### GOAL OF THE EXERCISE
Transcribe the listing below word for word but skip its images.

### DATA PROVIDED
*-*-*

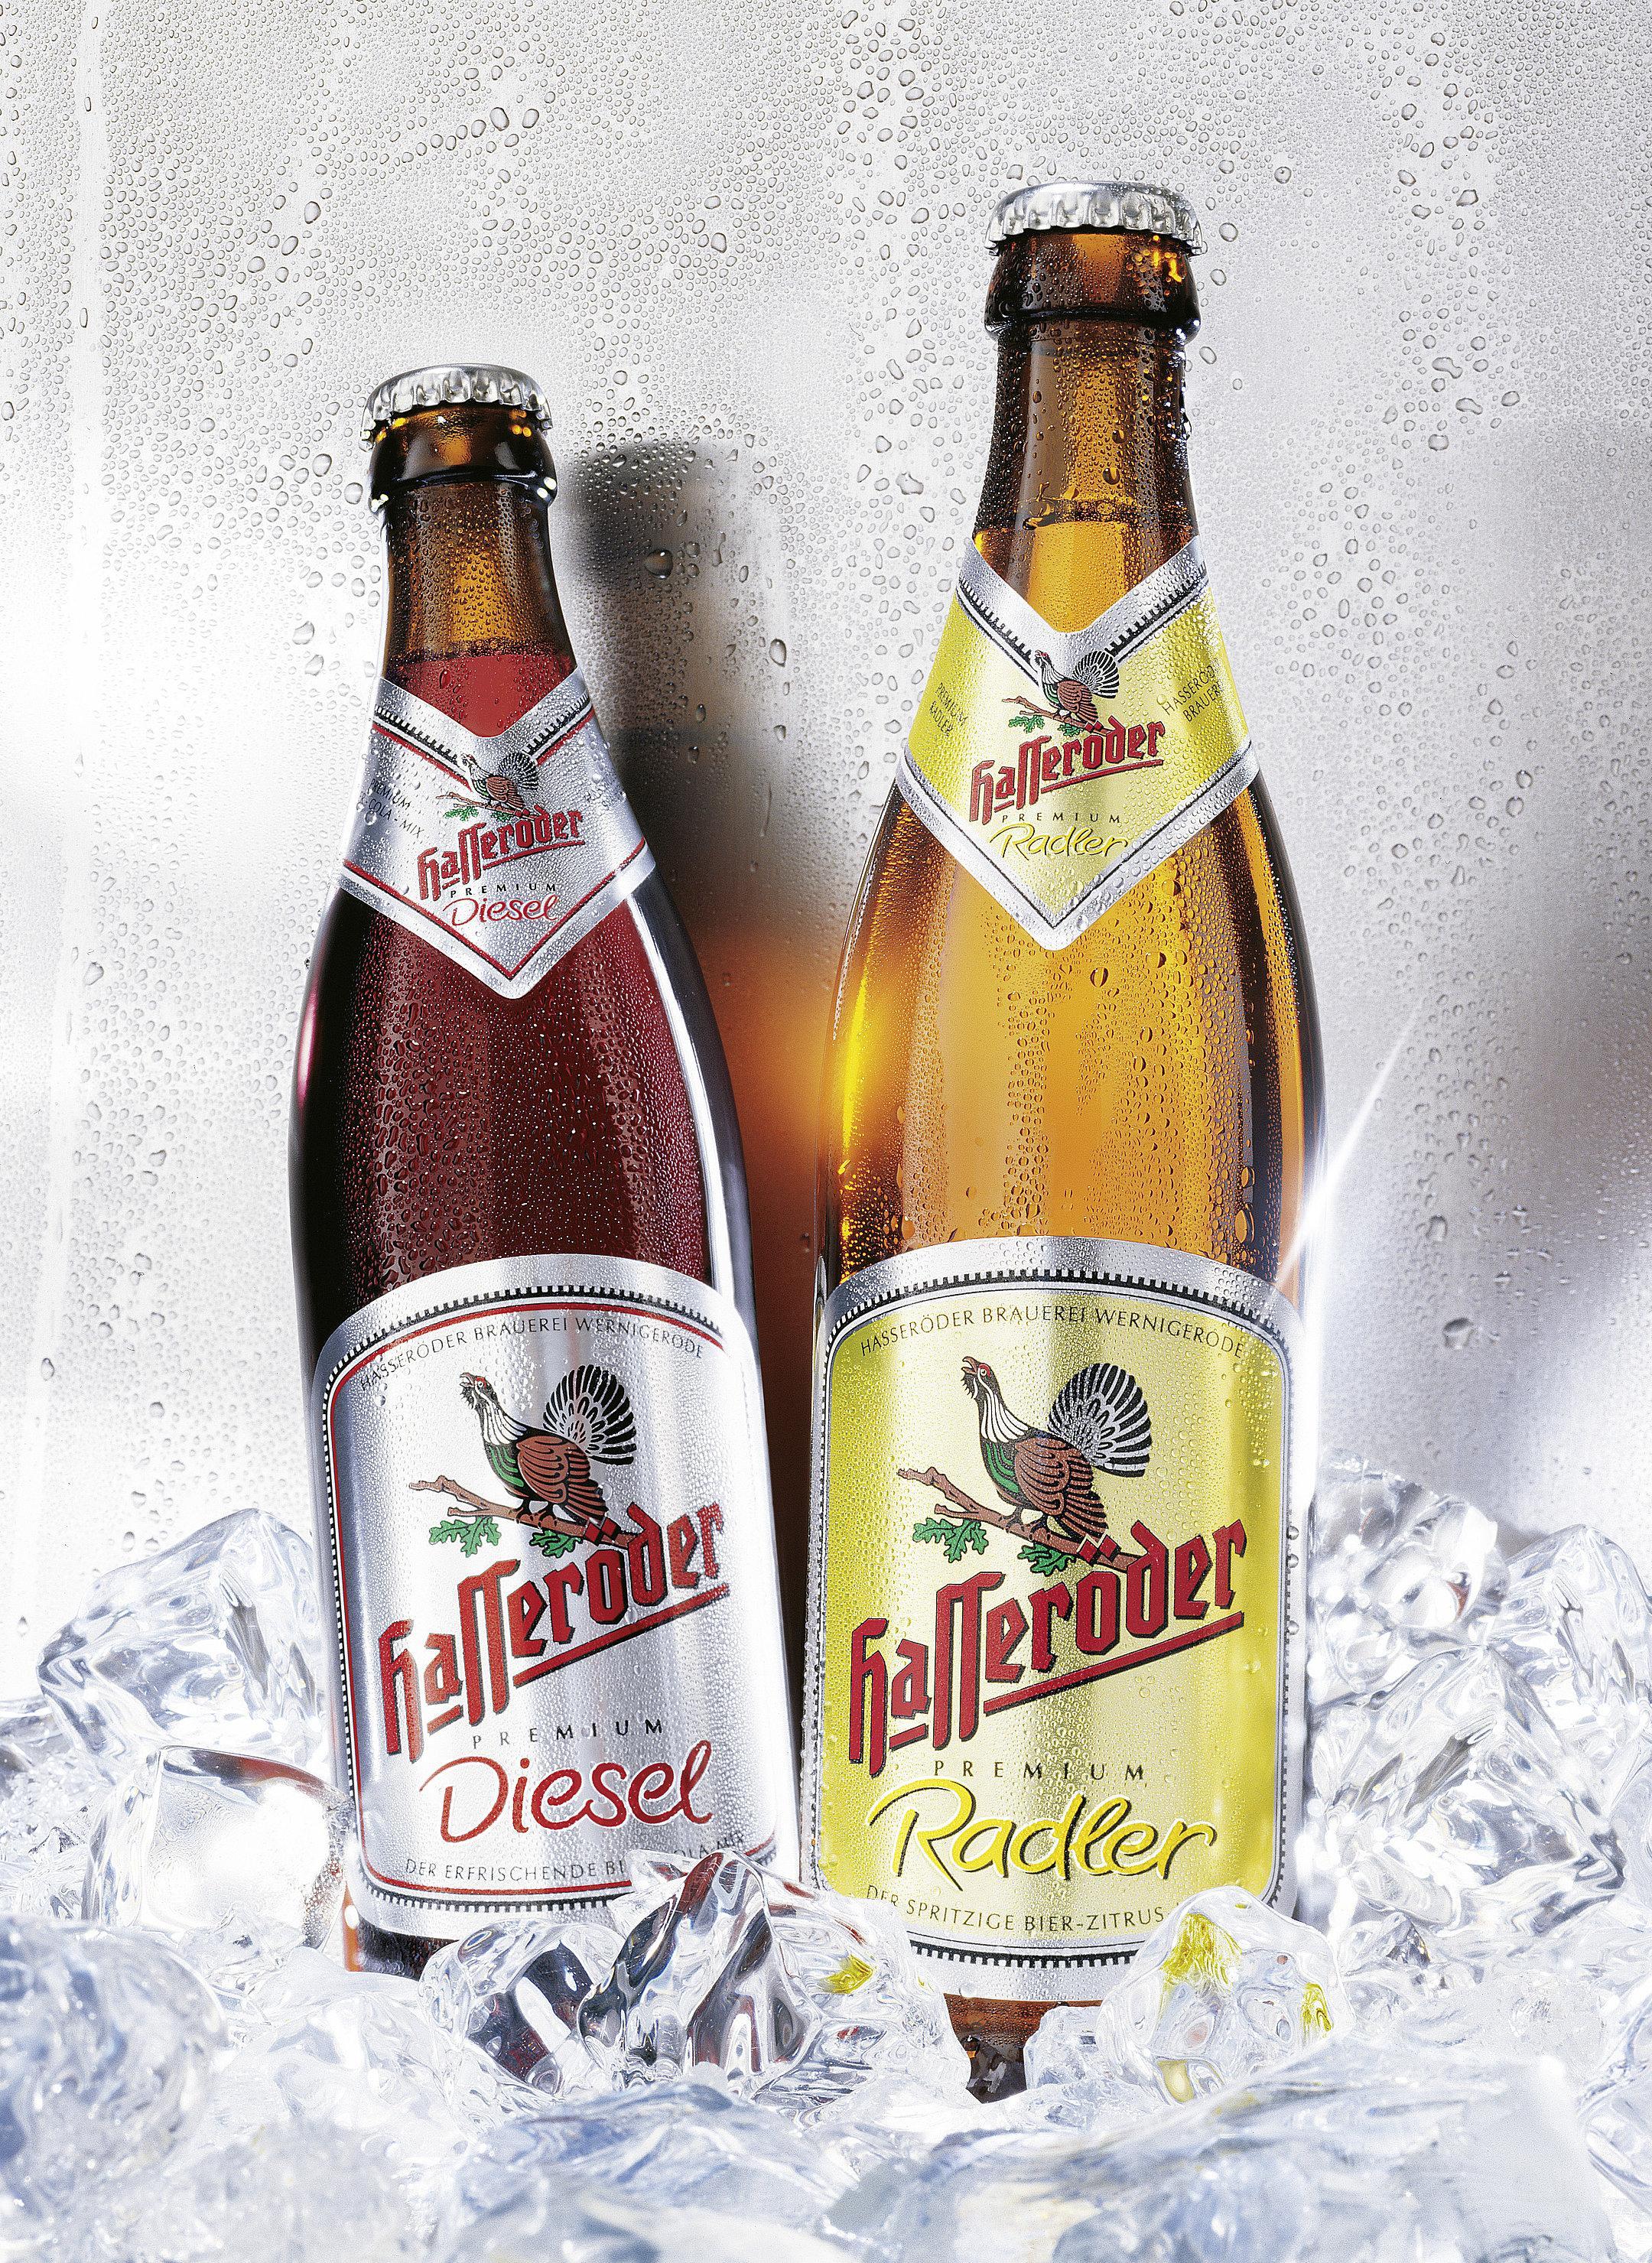 Hasserröder Pilsener Mixgetränke Diesel und Radler in Eiswürfelbett gekühlt vor betautem silbernem Hintergrund
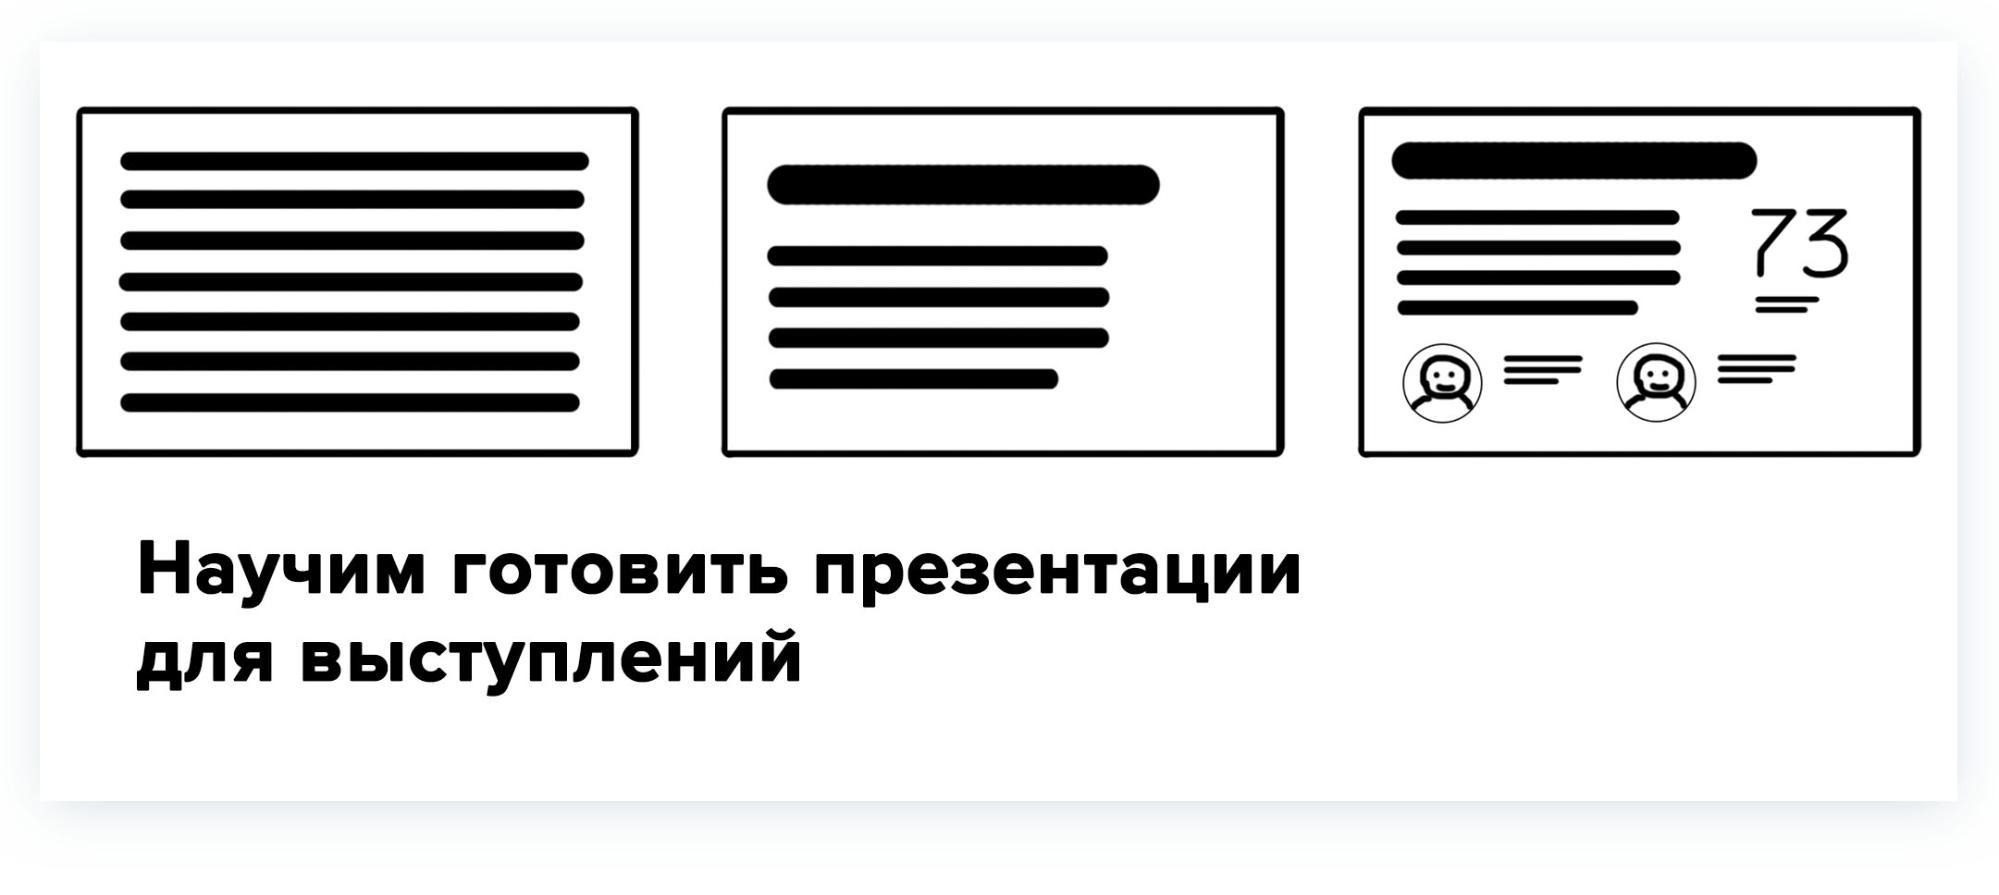 Как вызвать доверие на сайте – главная иллюстрация на первом экране
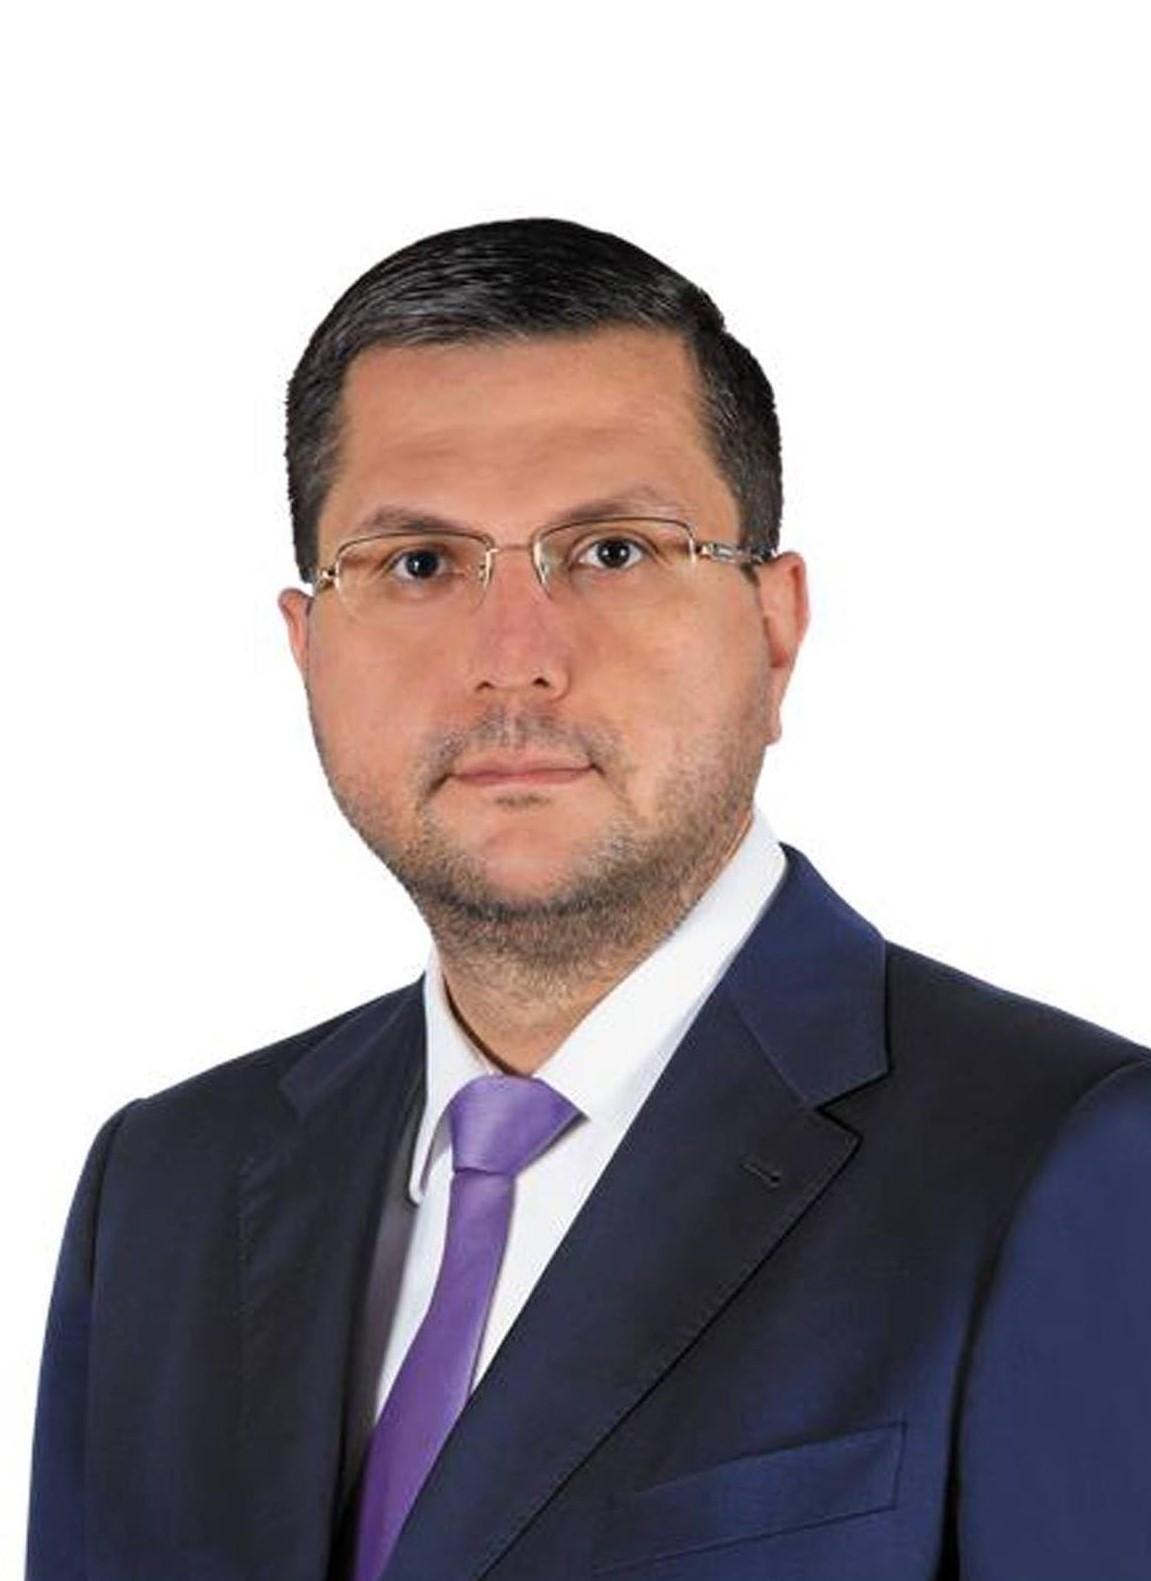 Radu Marin Moisin

*-*-*

### EXERCISE SOLUTION
 Hasserröder Pilsener Mixgetränke Diesel und Radler in Eiswürfelbett gekühlt vor betautem silbernem Hintergrund
 Как вызвать доверие на сайте – главная иллюстрация на первом экране
 Radu Marin Moisin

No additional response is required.